(Records supplied):

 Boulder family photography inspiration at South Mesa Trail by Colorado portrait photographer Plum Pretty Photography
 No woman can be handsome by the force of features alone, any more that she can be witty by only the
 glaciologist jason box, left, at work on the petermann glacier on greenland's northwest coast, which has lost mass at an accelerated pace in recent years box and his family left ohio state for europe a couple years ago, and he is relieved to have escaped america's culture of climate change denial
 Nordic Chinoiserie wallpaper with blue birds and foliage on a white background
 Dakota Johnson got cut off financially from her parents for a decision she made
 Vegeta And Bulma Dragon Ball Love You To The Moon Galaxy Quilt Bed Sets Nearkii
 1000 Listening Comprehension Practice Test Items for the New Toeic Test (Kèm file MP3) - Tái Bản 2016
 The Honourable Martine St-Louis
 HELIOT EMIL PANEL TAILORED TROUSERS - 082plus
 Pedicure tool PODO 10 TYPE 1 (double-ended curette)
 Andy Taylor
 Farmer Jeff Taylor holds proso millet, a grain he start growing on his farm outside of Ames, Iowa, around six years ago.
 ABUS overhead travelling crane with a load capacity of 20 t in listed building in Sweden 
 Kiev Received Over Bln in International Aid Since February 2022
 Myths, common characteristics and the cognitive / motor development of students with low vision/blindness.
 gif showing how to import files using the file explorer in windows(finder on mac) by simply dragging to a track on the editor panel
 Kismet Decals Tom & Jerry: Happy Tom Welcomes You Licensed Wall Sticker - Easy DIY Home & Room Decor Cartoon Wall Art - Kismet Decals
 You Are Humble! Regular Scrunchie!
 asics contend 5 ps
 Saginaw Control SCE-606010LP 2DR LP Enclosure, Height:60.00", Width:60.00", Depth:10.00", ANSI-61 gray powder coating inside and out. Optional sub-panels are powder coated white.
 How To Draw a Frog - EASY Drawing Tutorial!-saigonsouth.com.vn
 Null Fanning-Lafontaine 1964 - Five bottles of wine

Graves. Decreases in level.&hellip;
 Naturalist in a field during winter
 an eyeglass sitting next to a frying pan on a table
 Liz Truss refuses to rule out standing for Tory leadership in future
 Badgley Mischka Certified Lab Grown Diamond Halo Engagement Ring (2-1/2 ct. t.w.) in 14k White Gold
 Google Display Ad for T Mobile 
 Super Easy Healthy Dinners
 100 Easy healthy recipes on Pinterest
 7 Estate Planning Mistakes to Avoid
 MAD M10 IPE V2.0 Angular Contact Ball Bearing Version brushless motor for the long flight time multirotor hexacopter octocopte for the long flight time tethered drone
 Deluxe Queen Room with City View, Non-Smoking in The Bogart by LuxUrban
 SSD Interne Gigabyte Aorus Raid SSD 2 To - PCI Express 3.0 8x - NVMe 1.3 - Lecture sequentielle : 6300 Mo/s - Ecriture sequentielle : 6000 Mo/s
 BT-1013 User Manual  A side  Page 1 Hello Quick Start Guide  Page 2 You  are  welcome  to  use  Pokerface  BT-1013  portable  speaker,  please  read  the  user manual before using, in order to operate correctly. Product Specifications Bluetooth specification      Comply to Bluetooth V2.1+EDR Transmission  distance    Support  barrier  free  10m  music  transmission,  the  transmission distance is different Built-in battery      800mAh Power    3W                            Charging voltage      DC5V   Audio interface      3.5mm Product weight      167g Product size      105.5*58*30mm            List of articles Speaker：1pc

(Task brief): Both the line containing "glaciologist jason box, left, at" and the line containing "gif showing how" belong in the answer. Print them and every line above that falls between them exactly, and no others.

(Completed exercise):
 glaciologist jason box, left, at work on the petermann glacier on greenland's northwest coast, which has lost mass at an accelerated pace in recent years box and his family left ohio state for europe a couple years ago, and he is relieved to have escaped america's culture of climate change denial
 Nordic Chinoiserie wallpaper with blue birds and foliage on a white background
 Dakota Johnson got cut off financially from her parents for a decision she made
 Vegeta And Bulma Dragon Ball Love You To The Moon Galaxy Quilt Bed Sets Nearkii
 1000 Listening Comprehension Practice Test Items for the New Toeic Test (Kèm file MP3) - Tái Bản 2016
 The Honourable Martine St-Louis
 HELIOT EMIL PANEL TAILORED TROUSERS - 082plus
 Pedicure tool PODO 10 TYPE 1 (double-ended curette)
 Andy Taylor
 Farmer Jeff Taylor holds proso millet, a grain he start growing on his farm outside of Ames, Iowa, around six years ago.
 ABUS overhead travelling crane with a load capacity of 20 t in listed building in Sweden 
 Kiev Received Over Bln in International Aid Since February 2022
 Myths, common characteristics and the cognitive / motor development of students with low vision/blindness.
 gif showing how to import files using the file explorer in windows(finder on mac) by simply dragging to a track on the editor panel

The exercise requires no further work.